A twitter short story by @1stCitizenKane
I saw them kissing by the swing set, by the lockers, leaving the parking lot. You see a lot when you’re watching, too much. So I gave it up. Something about seeing somebody else having what you want is enough by itself to drive you crazy. You start to question. You begin doubting. I used to love a girl, you see, and I’m only certain of two things. She didn’t love me, and the experience made Romeo and Juliet believable. What you do is you discover a better world, one made of lines of fiction and you occupy it, begin to see your own world as lines of fiction. The colors of your own world begin to inherit monochromatic elements, like chalkboard drawings of inexplicable geometry in a sleeping class. I loved the yellow of the sun, the translucent blue of the moon, but when what you really want smears those colors, you find a way and flee. She kissed him and it was not me. She kissed him again and I was miles further away. She kissed him and I became a dreamer in another world.

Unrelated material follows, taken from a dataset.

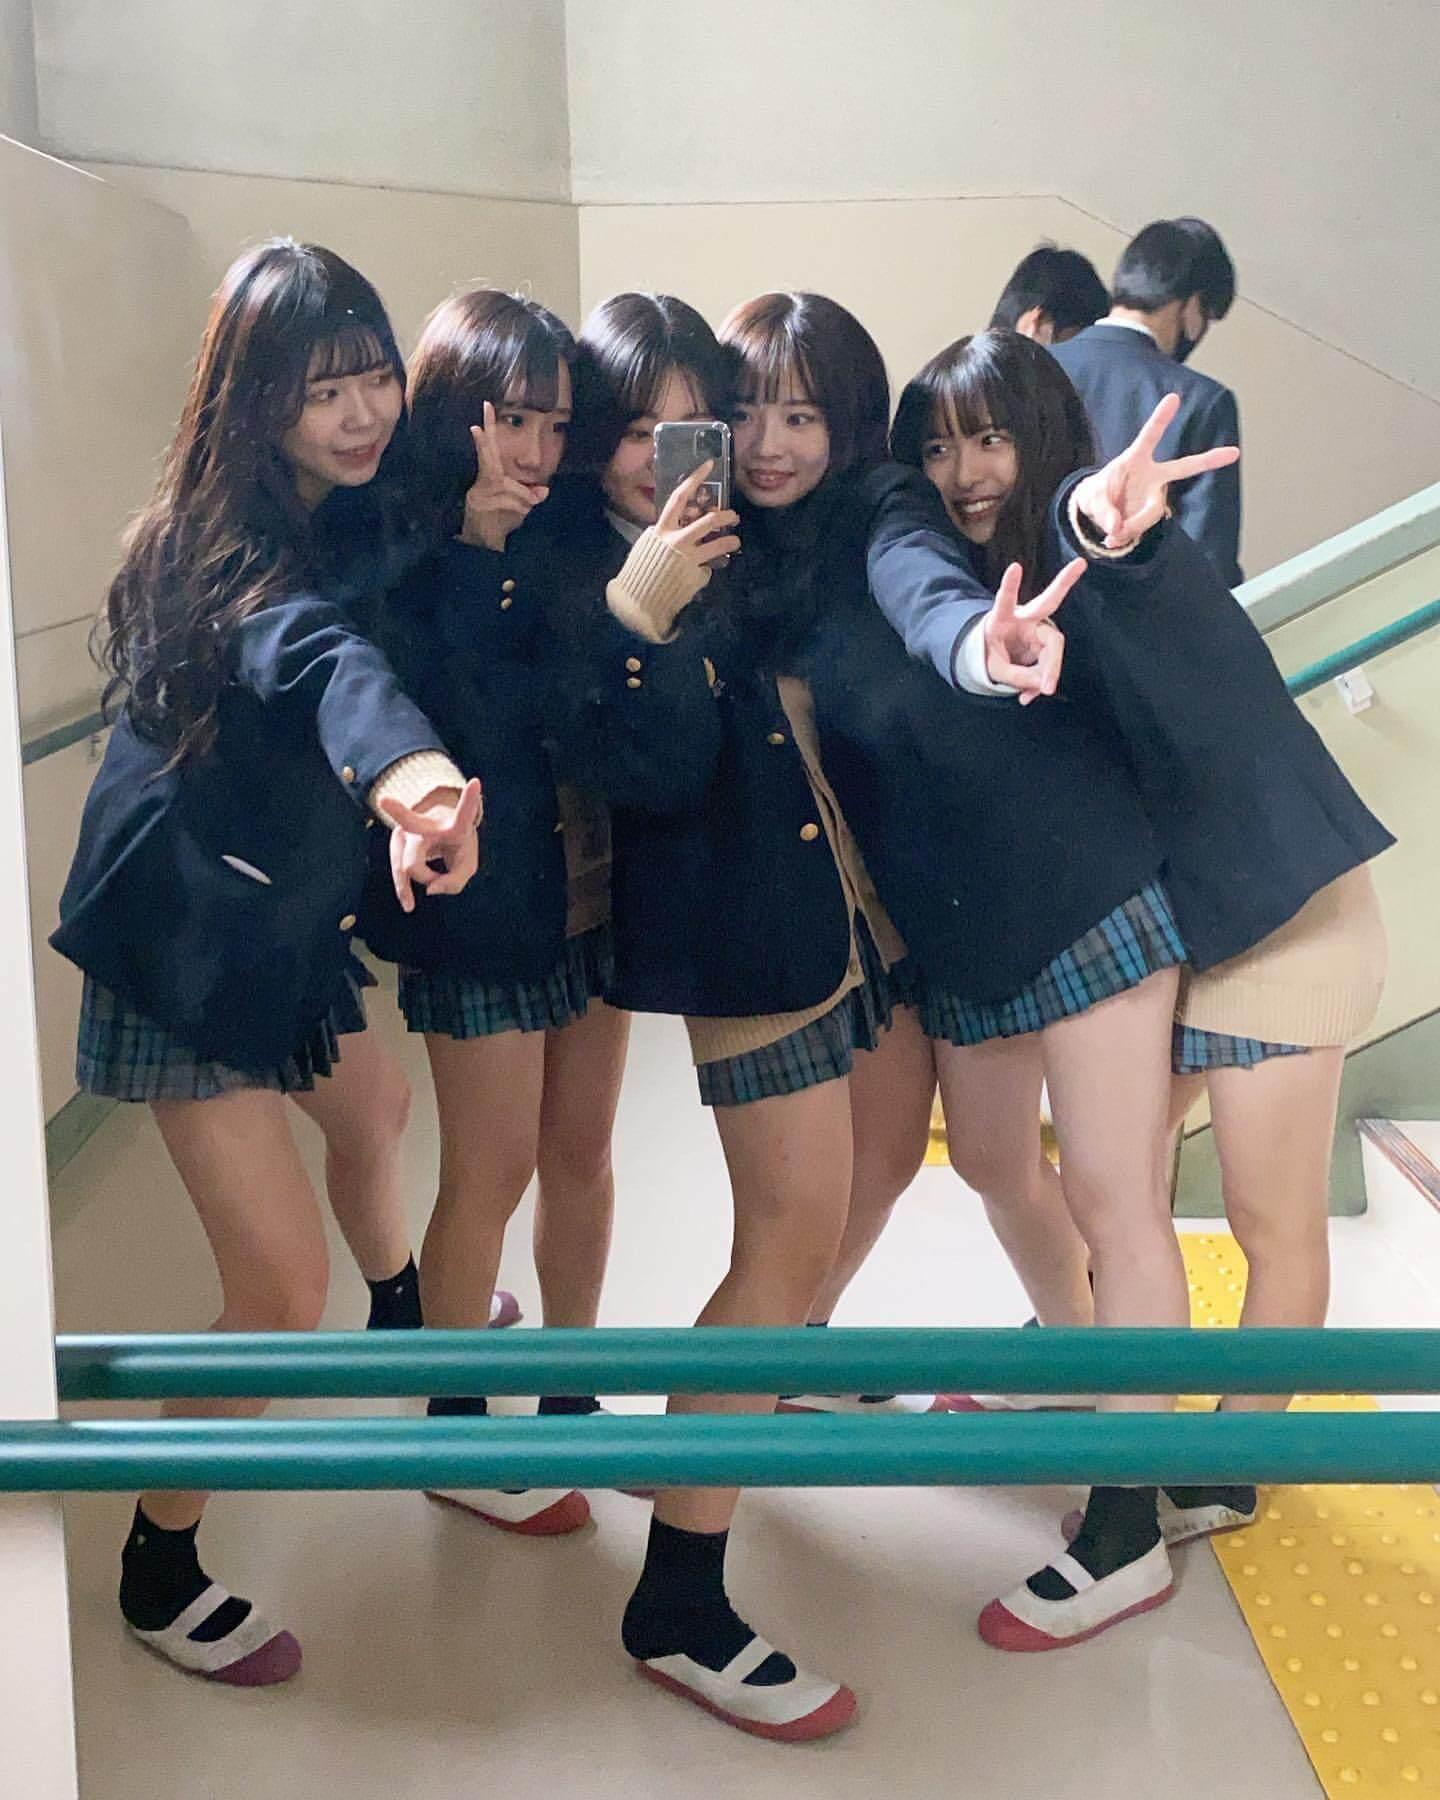 【画像】今一番ノリに乗ってる新栄JKでも見てモッコリしようぜww

What I learned is that three-dimensional worlds are places of insane complexity; that where words and pages are indistinct, life can be had. I am neither a painter nor a writer, but if a man’s misery cannot be traded in even exchange for a blank canvas, artists have never existed. Some would call my flight from the fight of mortal survival a case of psychosis, but such words are defense mechanisms for the truly hollow. To breathe a final moment, I had to see her kiss him once more; it was enough. You have to turn your back on that which gives you scoliosis. The sun became an orb of gray and the moon was reduced to nil. Becoming a character in a fictional world is what I imagine birth feels like. I stepped out of the aneurysm of human hysteria and into fiction as someone, nay, something bestowed with the only real serenity: anonymity.
What is a blanket? What is a window? What is a fan that spins to its own humming? What does it mean to completely forget that you ever were? They speak of magic, natural orders, of morality, and other trivial preoccupations for the damned, but such is null to brushstrokes and ink. You see, a human must turn a page or move on to the next artwork in a gallery, but I learned what it means to bleed and traverse landscapes. Two-dimensional worlds are composed of the clefs of what is exhausted when a miserable man flays his heart to produce a lasting masterpiece. What I became is the essence that tortures men in their fitful sleep and lurks in their paranoiac wakefulness, the one breath that breathes. Beyond the seams of canvases and the knitting of novels, there is no God, for God is the two-dimensional expression of man’s pure substance.
Volumes of Valium, histories of heroin, limericks of liquor, book after book, painting after painting, and then I came to realize something. I had fled the world of spheres and prisms for a chance to experience the rapture of tears and visions and all I found was her. Kissing him. All the rainbows and monochromes roasting in the stoves of frozen life were not enough to erase the smudge of her kissing him from my heart. What is sacrifice? What is suicide? What is desperation? To swear I knew the consequences would be to believe that all men know God by name. There is only one fate awarded those foolish enough to evict themselves from the rotted houses of the living: memory, the lungs of eternity. Everything is the points where lines merge into angles, but where I became the essence of the misery of artists, worlds cannot be destroyed. To bleed, to traverse landscapes, to be a page-drifter and canvas-shifter, to be free from memory.
I saw her kissing him. I never forgot it.